Nationtime (1972) – directed by William Greaves
Best known for his avant-garde meta-documentary Symbiopsychotaxiplasm, William Greaves (1926–2014) was also the director of over 100 documentary films, the majority focused on African American history, politics, and culture. Nationtime is a report on the National Black Political Convention held in Gary, Indiana, in 1972, a historic event that gathered black voices from across the political spectrum, among them Jesse Jackson, Dick Gregory, Coretta Scott King, Dr. Betty Shabazz, Richard Hatcher, Amiri Baraka, Charles Diggs, Isaac Hayes, Richard Roundtree and H. Carl McCall. Narrated by Sidney Poitier and Harry Belafonte, the film was considered too militant for television broadcast at the time and has since circulated only in an edited 58-minute version. This new 4K restoration from IndieCollect, with funding from Jane Fonda and the Hollywood Foreign Press Association, returns the film to its original 80-minute length and visual quality.
Dolemite (1975) – directed by D’Urville Martin
Rudy Ray Moore stars in this legendary classic and pillar of the ‘blaxploitation’ genre. Sent to prison on a frame-up by some crooked cops and his arch rival, the notorious Willy Green, Dolemite is offered an early release if he can bring down Green and the politicians on his payroll who are terrorizing the city. Dolemite, Queen Bee and their beautiful All-Girl Army of Kung-Fu Killers take on the mob in this cult film favorite described by the New York Times as “The Citizen Kane of kung-fu pimpin’ movies.”
Personal Problems (1980) – directed by Bill Gunn
This entirely African American-conceived and produced ensemble drama is the result of a collaboration of a pair of pioneering Black artists: writer Ishmael Reed and filmmaker Bill Gunn, who wrote and directed the underground classic Ganja & Hess and wrote the screenplay for Hal Ashby’s The Landlord. Originally intended to air on public television in 1980, it went unseen for many years; the original tapes have been carefully restored and the film is now available in its full-length version.
Killer of Sheep (1978) – directed by Charles Burnett
A longstanding director of ingenuity, heart and meticulous detail, Charles Burnett has earned his reputation as “one of America’s very best filmmakers” from The Chicago Tribune.
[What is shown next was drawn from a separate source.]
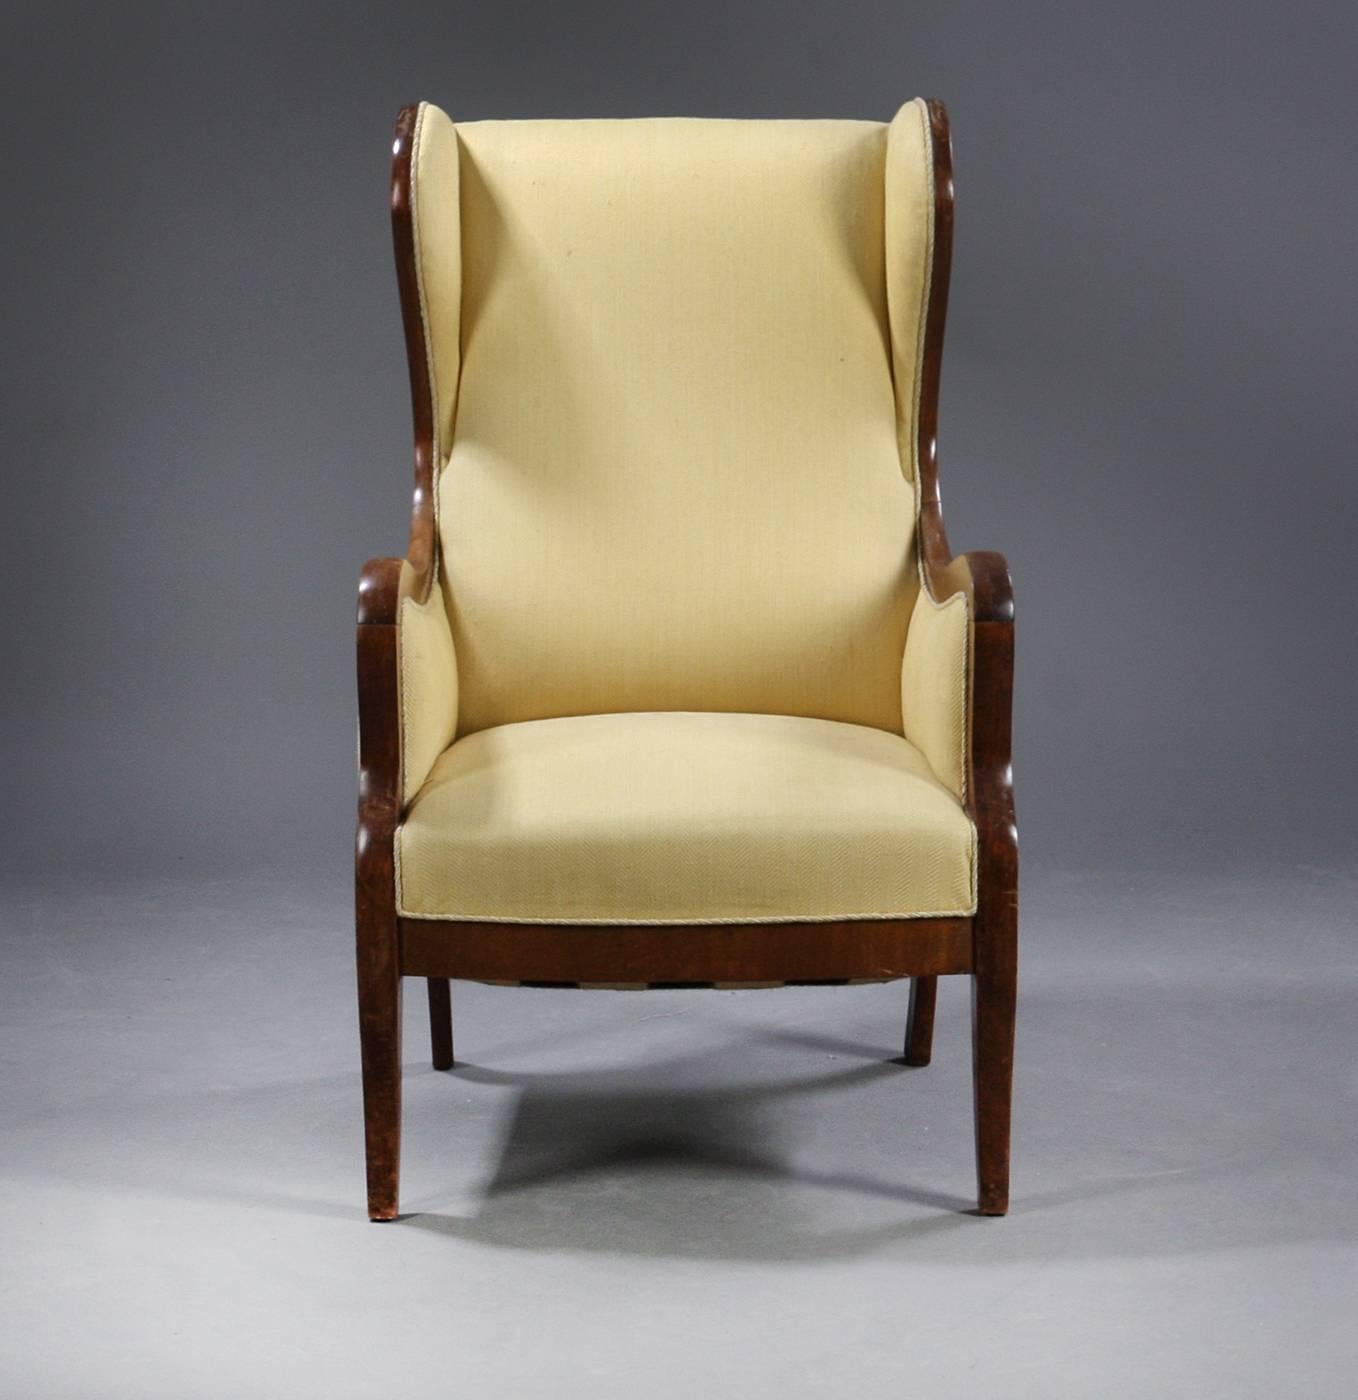 Scandinavian Modern Frits Henningsen Wingback Chair in Mahogany and Wool, Denmark 1940s

Focusing on everyday life in Black communities rarely featured in American cinema, Burnett’s films combine lyrical storytelling with a starkly neorealist, documentary-style approach most famously seen in Killer of Sheep, the chronicle of a slaughterhouse employee’s daily struggles and the emotional baggage he carries home. Burnett once said of the film, “[Stan’s] real problems lie within the family, trying to make that work and be a human being. You don’t necessarily win battles; you survive.”
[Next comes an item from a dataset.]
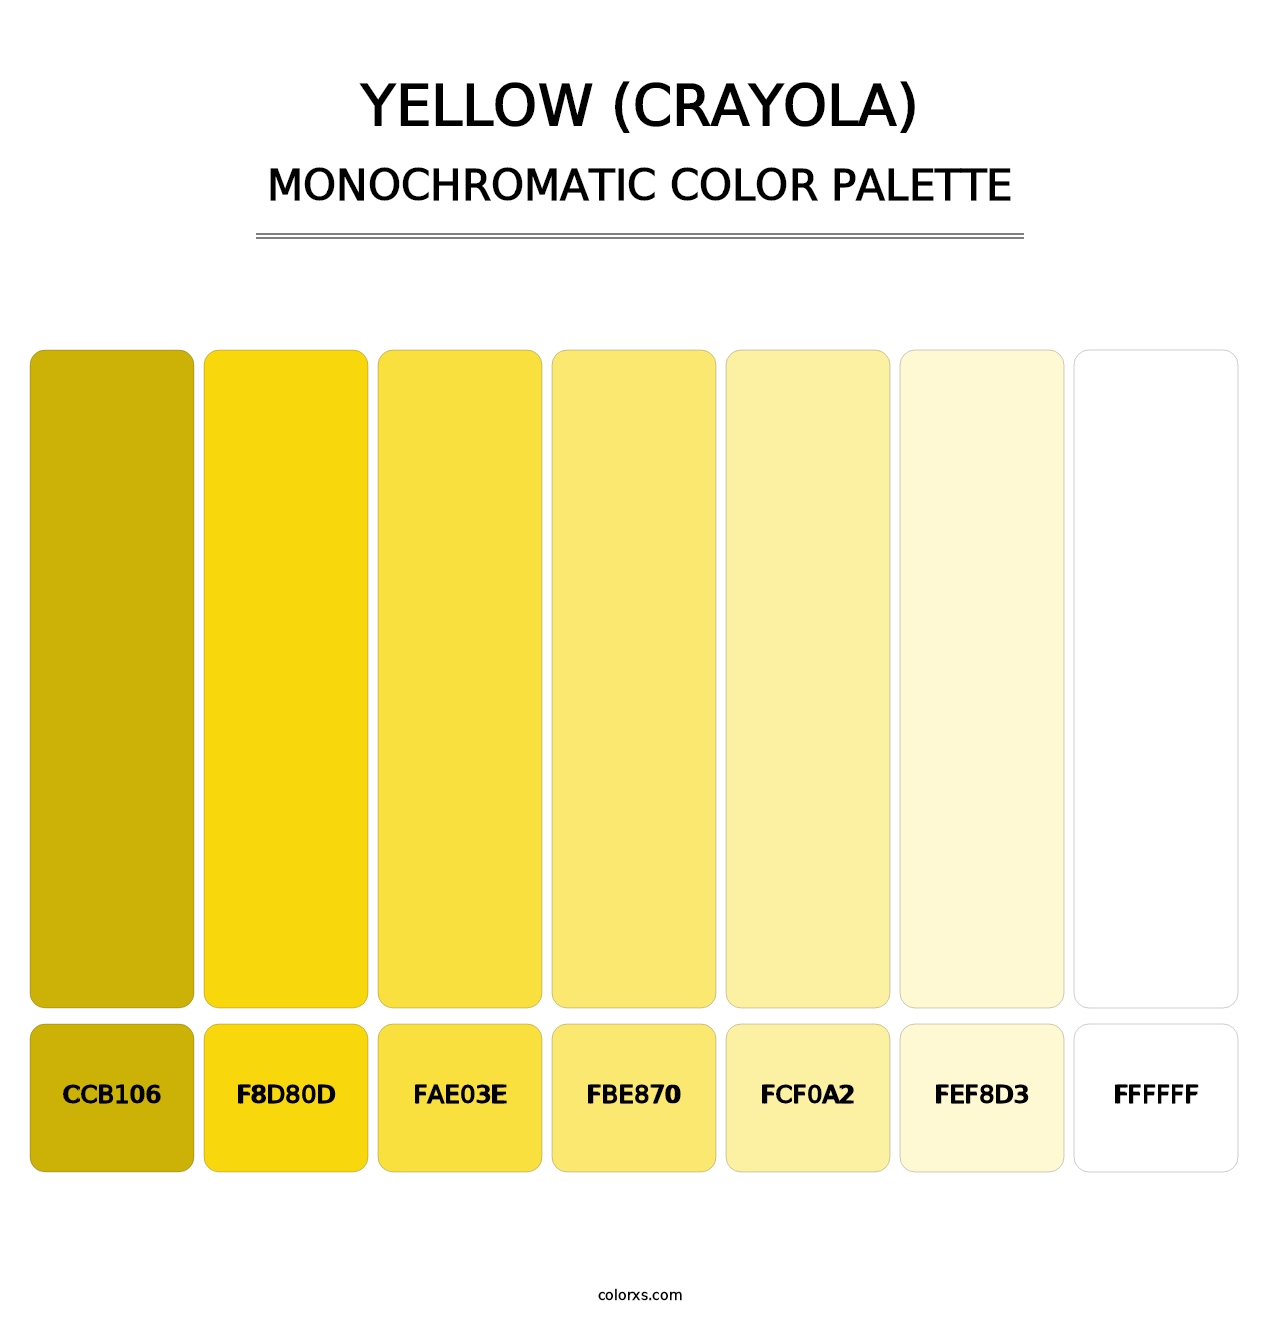 Yellow (Crayola) - Monochromatic Color Palette

Zora Neale Hurston: Jump at the Sun (2008) – directed by Sam Pollard
Zora Neale Hurston, path-breaking novelist, pioneering anthropologist and one of the first black women to enter the American literary canon (Their Eyes Were Watching God), established the African American vernacular as one of the most vital, inventive voices in American literature. This definitive film biography, eighteen years in the making, portrays Zora in all her complexity: gifted, flamboyant, and controversial but always fiercely original.
Moonlight (2016) – directed by Barry Jenkins
Oscar-winner for Best Picture, Moonlight is a moving and transcendent look at three defining chapters in the life of Chiron, a young man growing up in Miami. His epic journey to adulthood, as a shy outsider dealing with difficult circumstances, is guided by support, empathy and love from the most unexpected places.